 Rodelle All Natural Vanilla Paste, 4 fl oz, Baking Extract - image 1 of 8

---

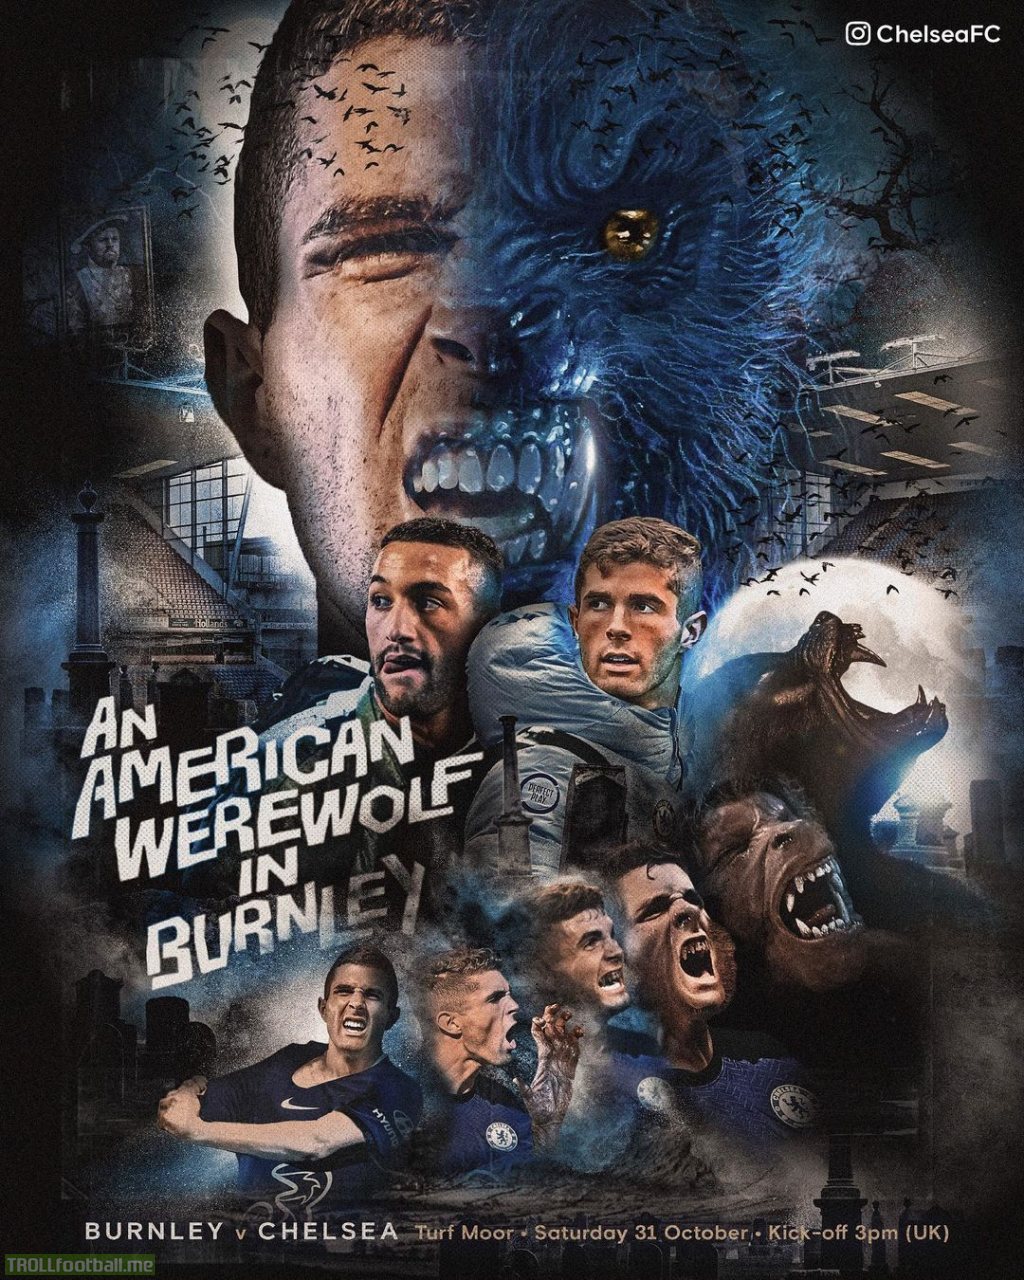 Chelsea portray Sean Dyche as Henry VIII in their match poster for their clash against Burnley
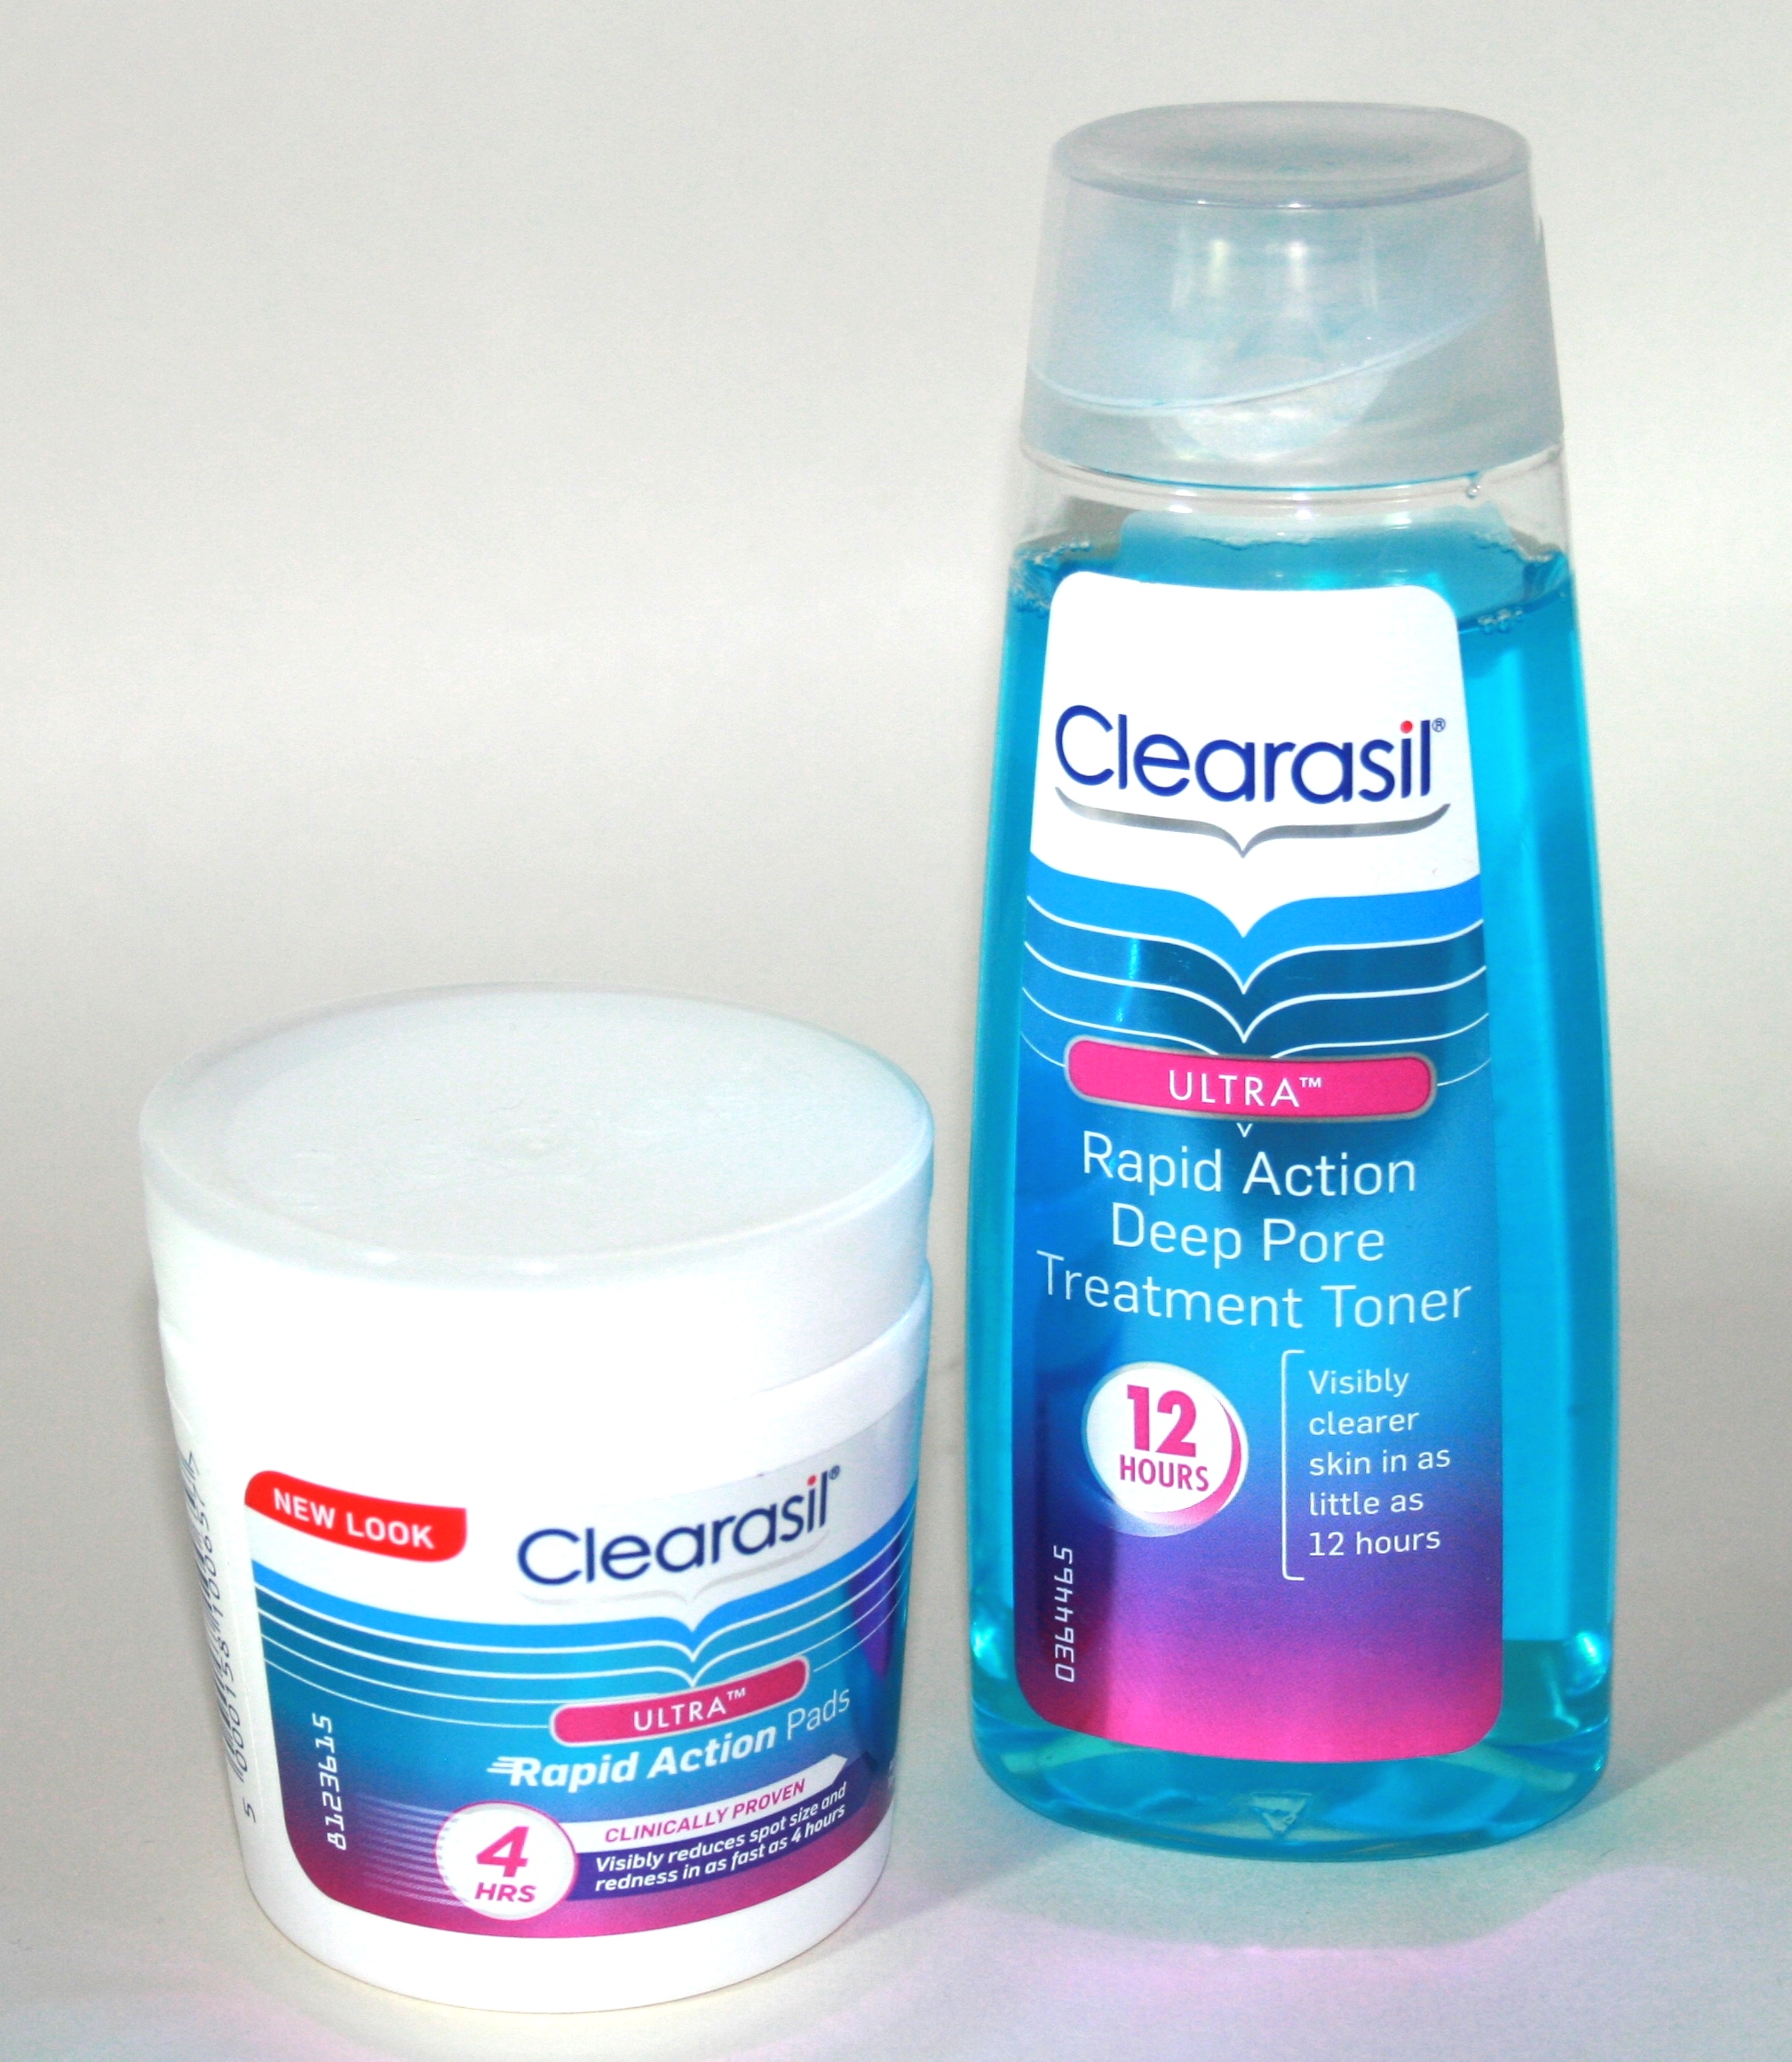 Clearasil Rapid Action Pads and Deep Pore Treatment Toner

==

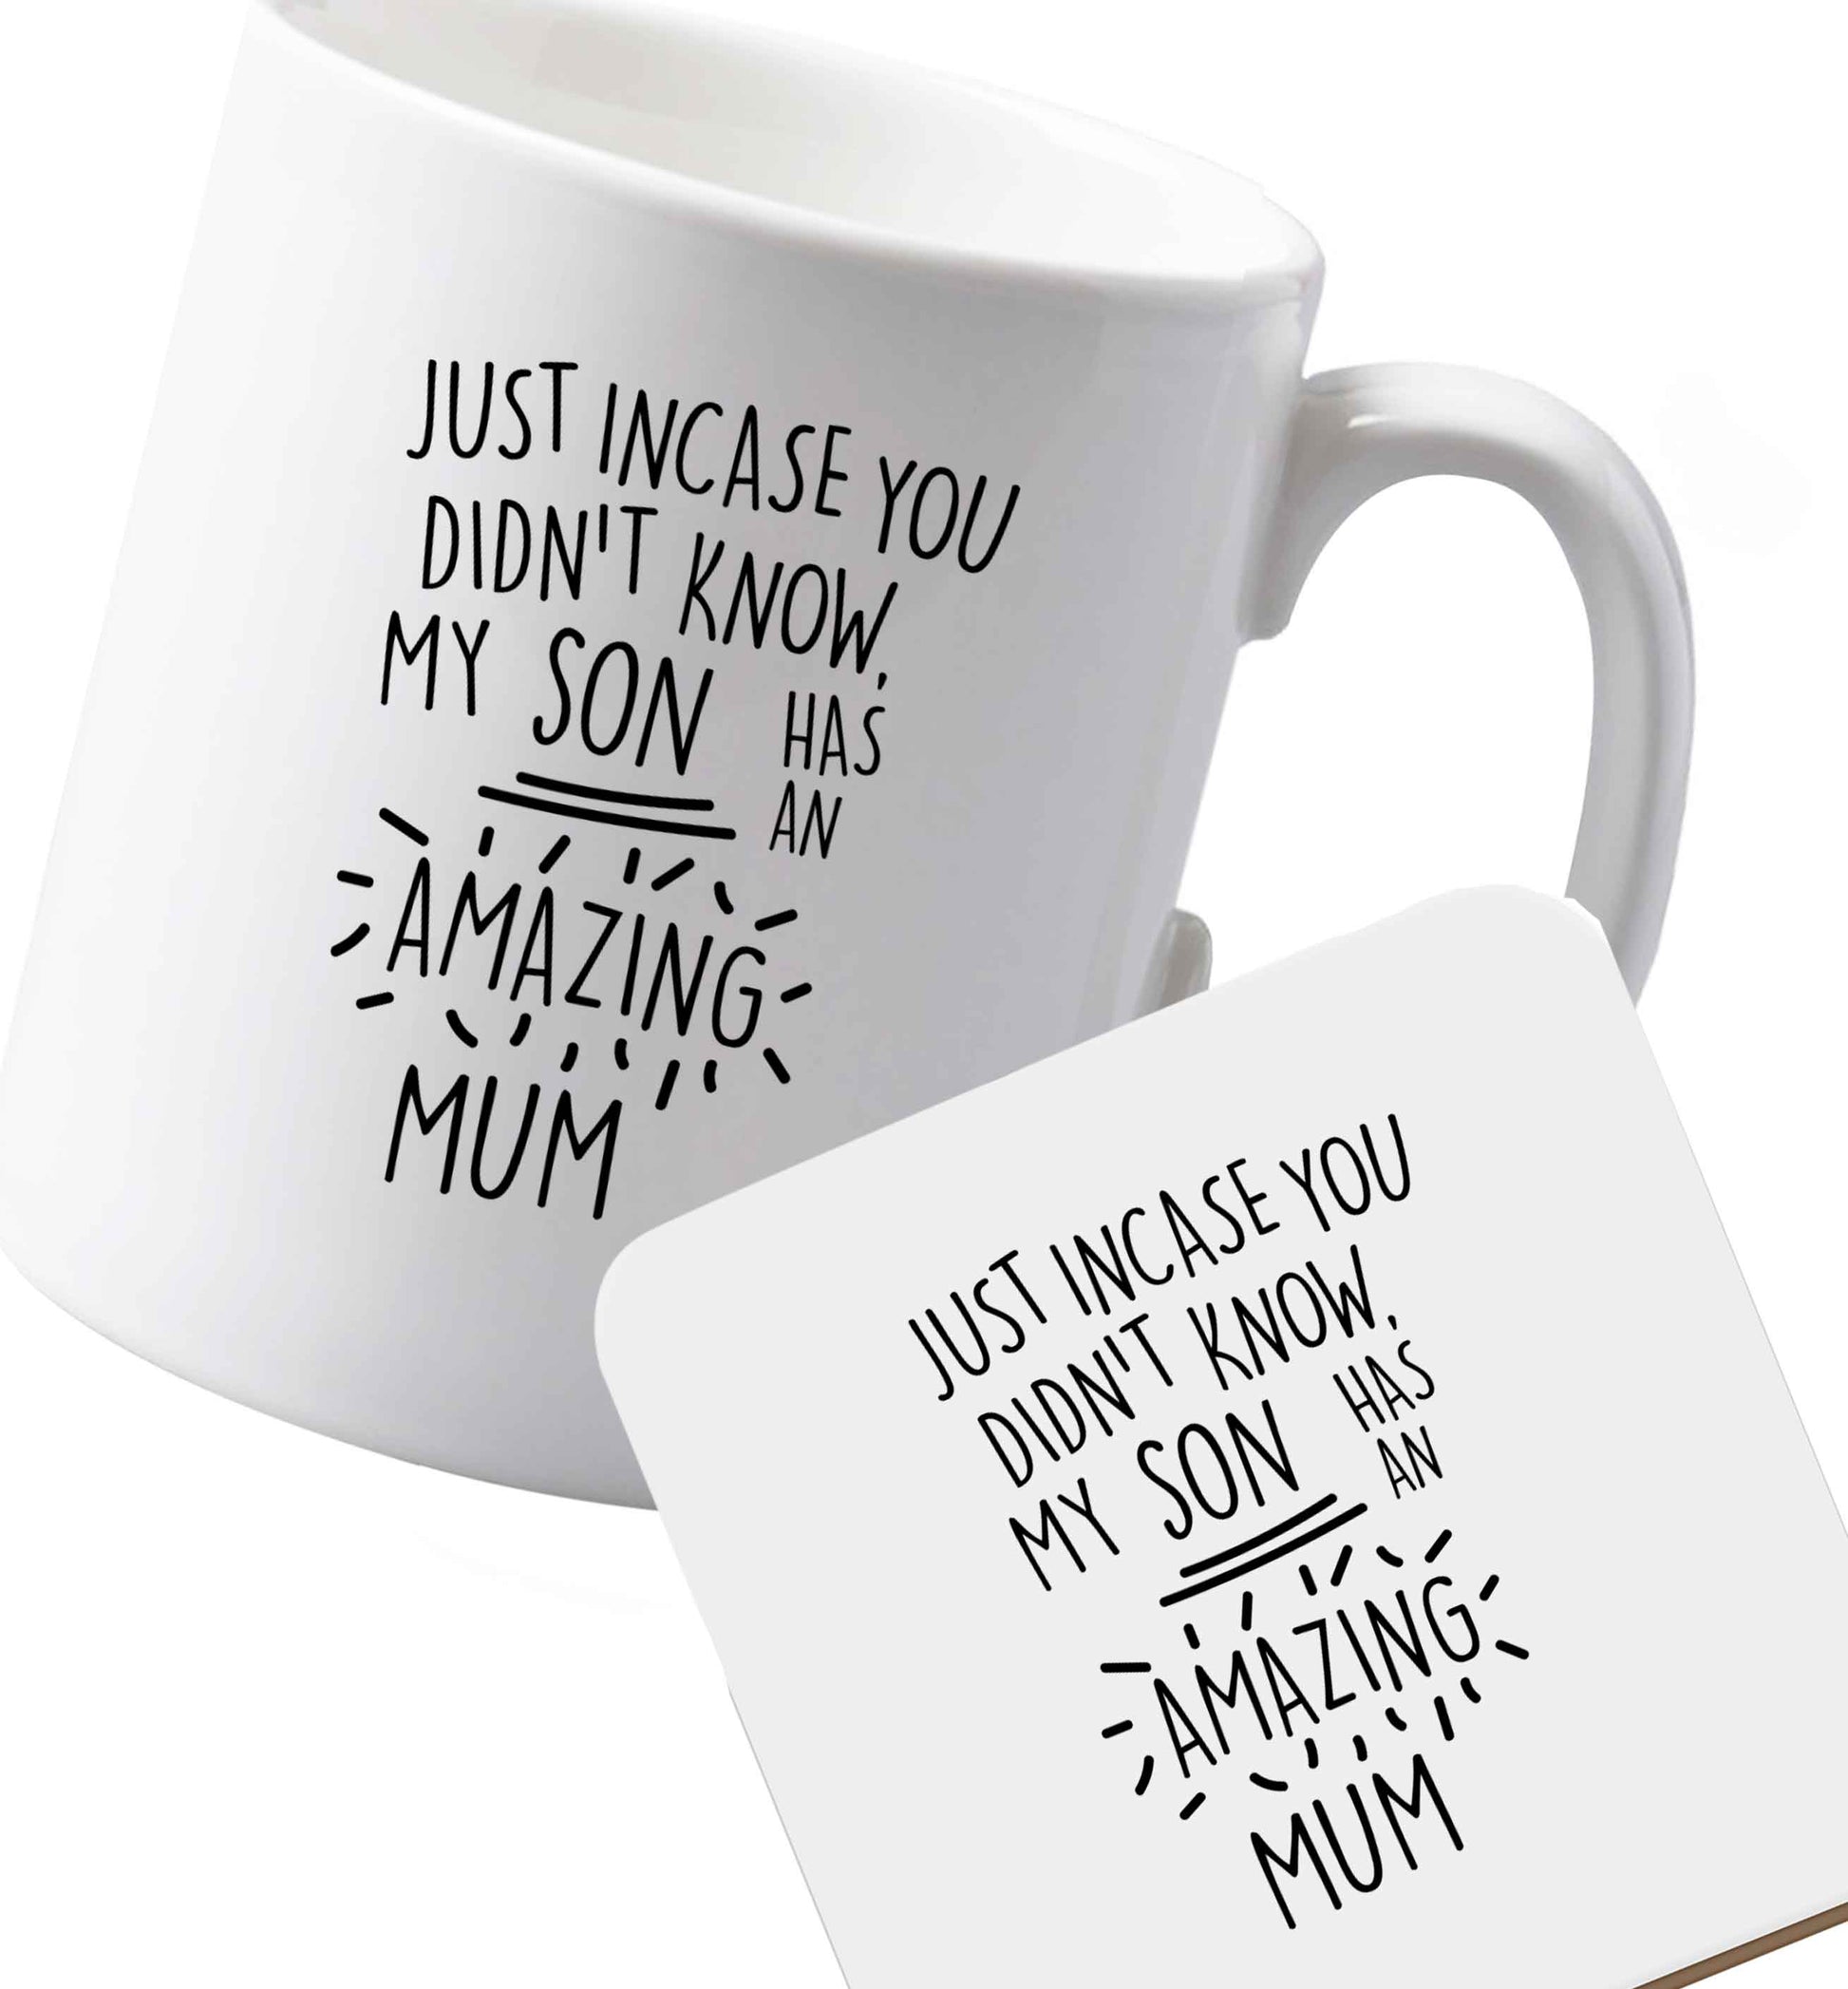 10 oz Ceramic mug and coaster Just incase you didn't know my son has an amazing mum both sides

*What to do*.
Print from the line containing "Chelsea portray Sean" through the line containing "Clearasil Rapid Action" in the data above, exactly as the lines stand, and omit every picture.

*Response to the exercise*.
 Chelsea portray Sean Dyche as Henry VIII in their match poster for their clash against Burnley
 Clearasil Rapid Action Pads and Deep Pore Treatment Toner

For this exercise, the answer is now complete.